So now You can see I have a text which says new conversation at the top. I'm going to snap this and I'm going to expand this so I can focus on this as much as possible. So there we go. New conversation is now written at the top because that is right here the constant we are exporting. Great.
And below this let's open a new div with a class name flex items center px1 and gap1. And in here we're going to render a button. This button will be a history icon renderer, like so. Again, I'm just going to snap this, expand this so I can focus on that. And let's start giving this button some props.

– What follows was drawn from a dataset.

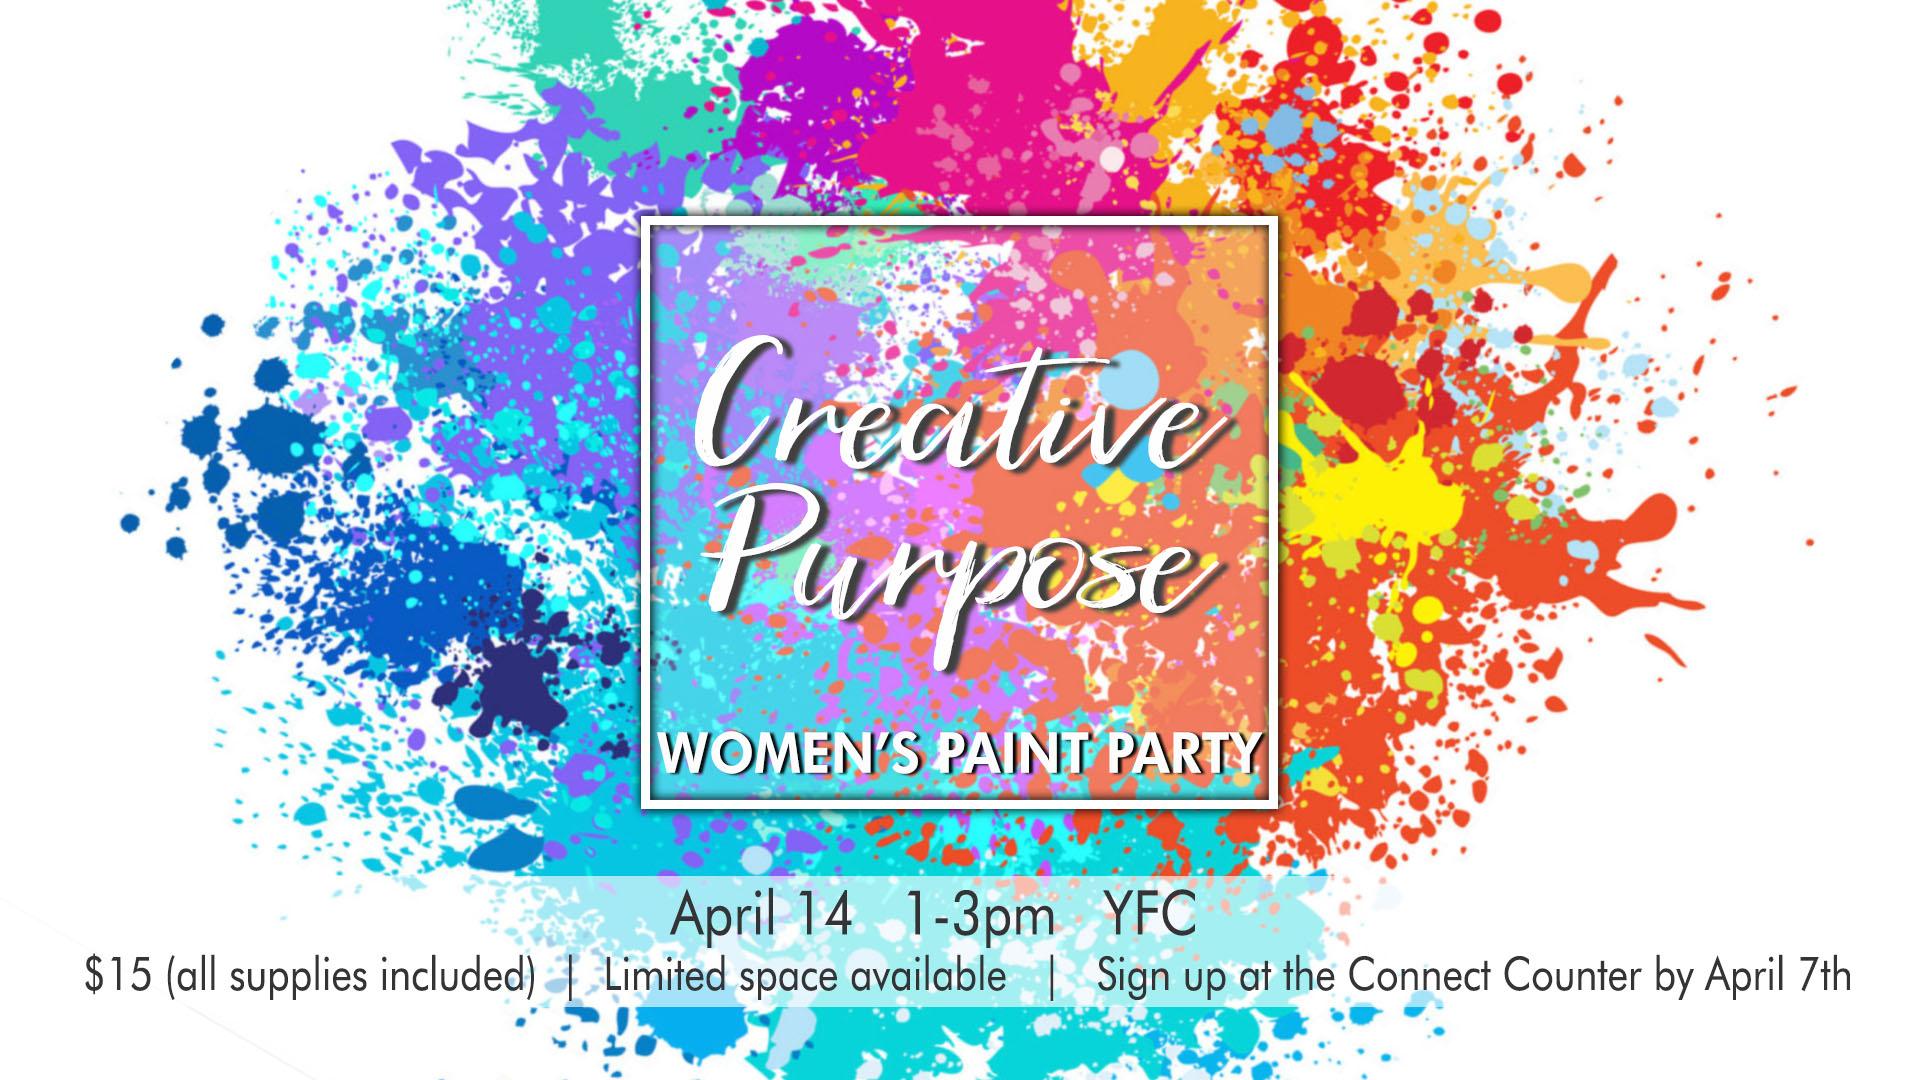 Creative Purpose 1920x1080 copy.jpg

So it will have size icon extra small and the variant of highlight and the history icon will have a class name size 3.5. So That's what it should look like. Then I'm going to duplicate that and the bottom one is going to have a plus icon from Lucid React and then after that we are, let's see, Let's keep it like that. Okay. So yes, we're going to have two of them.

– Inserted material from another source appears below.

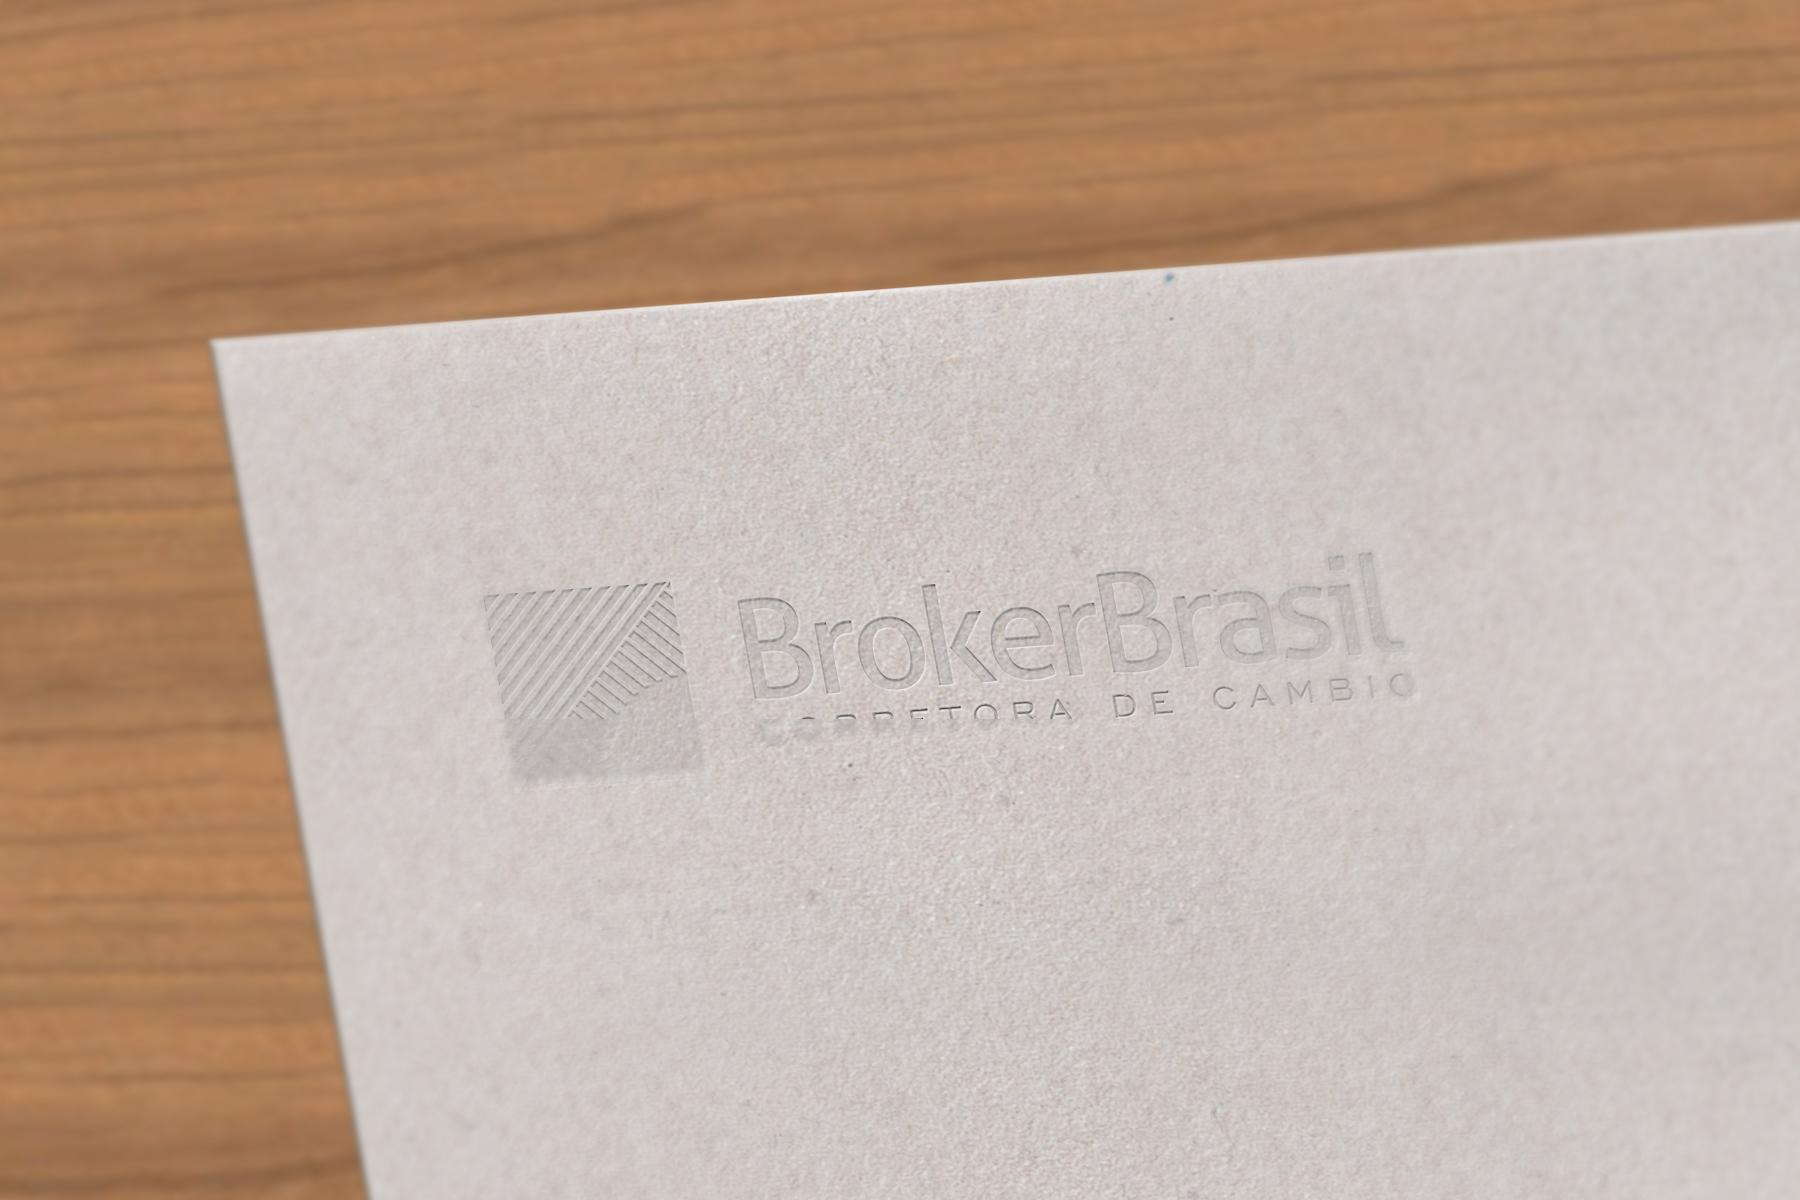 moo_design_broker_brasil_4

This is kind of the history and this is the plus button. This this creates the new one. So now outside of this div right here in the place of the text let's add the conversation component. Let's give it a class name flex one and inside let's add conversation content And then inside of here we have to basically render the messages. So how do we render the messages?
Well before we can do that we have to display the prompt input that will allow us to create new messages, right? So the only thing we also have to add within the conversation composition is conversation scroll button and it's a self-closing tag like this and then outside of conversation create a div with a class name padding 3 and in here we're going to add prompt input like so the prompt input will have on submit and it's just going to be an empty arrow function. And it will also have a class name. MarginTopTwoRoundedFool. Let's go ahead and add this.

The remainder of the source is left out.